ArrayField extends Field with array operation methods. These methods update field data and also transpose child field state so child order stays aligned with array data.
const users = form.createArrayField({
name: 'users',
})
users.push({ name: 'Alice' })
users.insert(0, { name: 'Bob' })
users.move(0, 1)
users.remove(0)Common methods:
| Method | Description |
|---|---|
push() / pop() | Add / remove from the end |
insert() / remove() | Add / remove at a specific index |
move() / moveUp() / moveDown() | Move array items |
unshift() / shift() | Add / remove from the start |
ObjectField
For detailed APIs, see ObjectField API.
ObjectField extends Field and is useful when object properties need to be added or removed dynamically.

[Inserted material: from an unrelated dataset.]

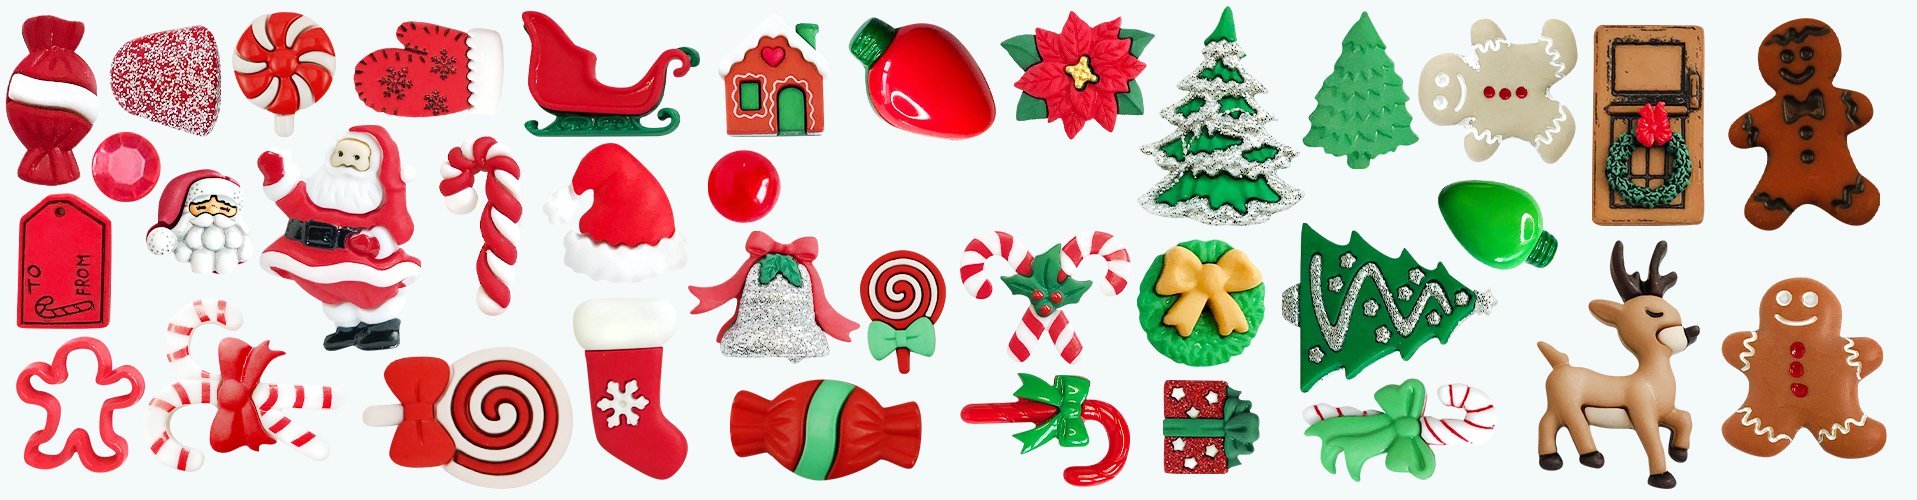 Buttons Galore 40+ Assorted Christmas Buttons for Sewing & Crafts - Set of  6 Button Packs

const profile = form.createObjectField({
name: 'profile',
})
profile.addProperty('nickname', 'Silver')
profile.removeProperty('nickname')If the object shape is fixed, storing an object value in a normal Field is also fine.
VoidField
For detailed APIs, see VoidField API.
VoidField is a virtual data field used mainly for UI structure. It has an address and its own path, but it does not insert itself into child data field paths.
form.createVoidField({
name: 'layout',
component: [LayoutComponent],
})
form.createField({
name: 'layout.username',
})In this example, layout.username has address layout.username, but the data field path is username. See Path System for the full explanation.